We’ve partially answered this question in the first section. Web scraping could be as simple as identifying content from a large page, or multiple pages of information. However, one of the great things about scraping the web, is that it gives us the ability to not only identify useful and relevant information, but allows us to store that information for later use. In the above example, we might want to store the data we’ve collected from tweets so that we could see when tweets were the most frequent, what the most common topics were, or what individuals were mentioned the most often.

What prerequisites do we need to build a web scraper?

Before we get into the nuts and bolts of how a web scraper works, let’s take a step backward, and talk about where web-scraping fits into the broader ecosystem of web technologies. Take a look at the simple workflow below:

The basic idea of web scraping is that we are taking existing HTML data, using a web scraper to identify the data, and convert it into a useful format. The end stage is to have this data stored as either JSON, or in another useful format. As you can see from the diagram, we could use any technology we’d prefer to build the actual web scraper, such as Python, PHP or even Node, just to name a few. For this example, we’ll focus on using Python, and it’s accompanying library, Beautiful Soup. It’s also important to note here, that in order to build a successful web scraper, we’ll need to be at least somewhat familiar with HTML structures, and data formats like JSON.

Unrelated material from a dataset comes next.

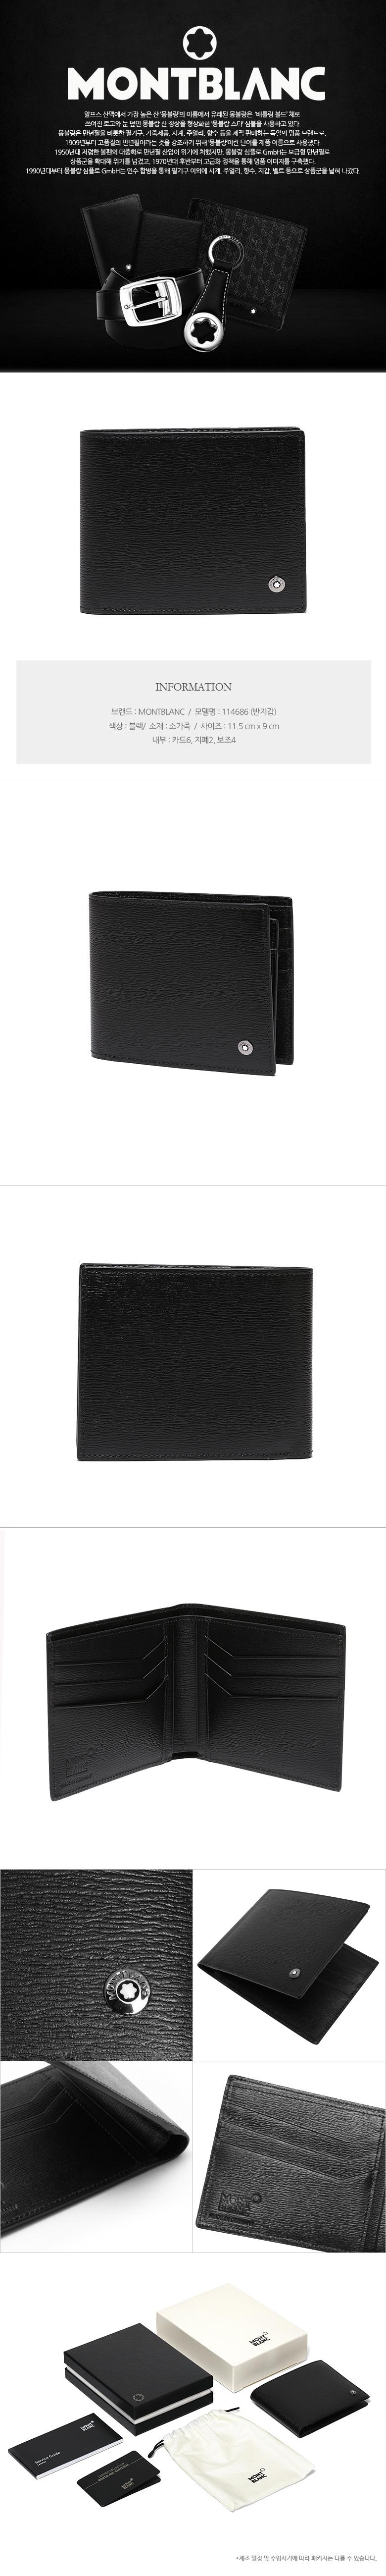 몽블랑(MONTBLANC) MONTBLANC 몽블랑 114686 4810 웨스트사이드 6cc 지갑

To make sure that we’re all on the same page, we’ll cover each of these prerequisites in some detail, since it’s important to understand how each technology fits into a web scraping project. The prerequisites we’ll talk about next are:

  1. HTML structures
  2. Python Basics
  3. Python Libraries
  4. Storing data as JSON (JavaScript Object Notation)

If you’re already familiar with any of these, feel free to skip ahead.

1. HTML Structures

1.a. Identifying HTML Tags

If you’re unfamiliar with the structure of HTML, a great place to start is by opening up Chrome developer tools. Other browsers like Firefox and Internet explorer also have developer tools, but for this example, I’ll be using Chrome. If you click on the three vertical dots in the upper right corner of the browser, and then ‘More Tools’ option, and then ‘Developer Tools’, you will see a panel that pops up which looks like the following:

We can quickly see how the current HTML site is structured. All of the content as contained in specific ‘tags’. The current heading is in an “<h3>” tag, while most of the paragraphs are in “<p>” tags. Each of the tags also have other attributes like “class” or “name”. We don’t need to know how to build an HTML site from scratch. In building a web scraper, we only need to know the basic structure of the web, and how to identify specific web elements. Chrome and other browser developer tools allow us to see what tags contain the information we want to scrape, as well as other attributes like “class”, that might help us select only specific elements.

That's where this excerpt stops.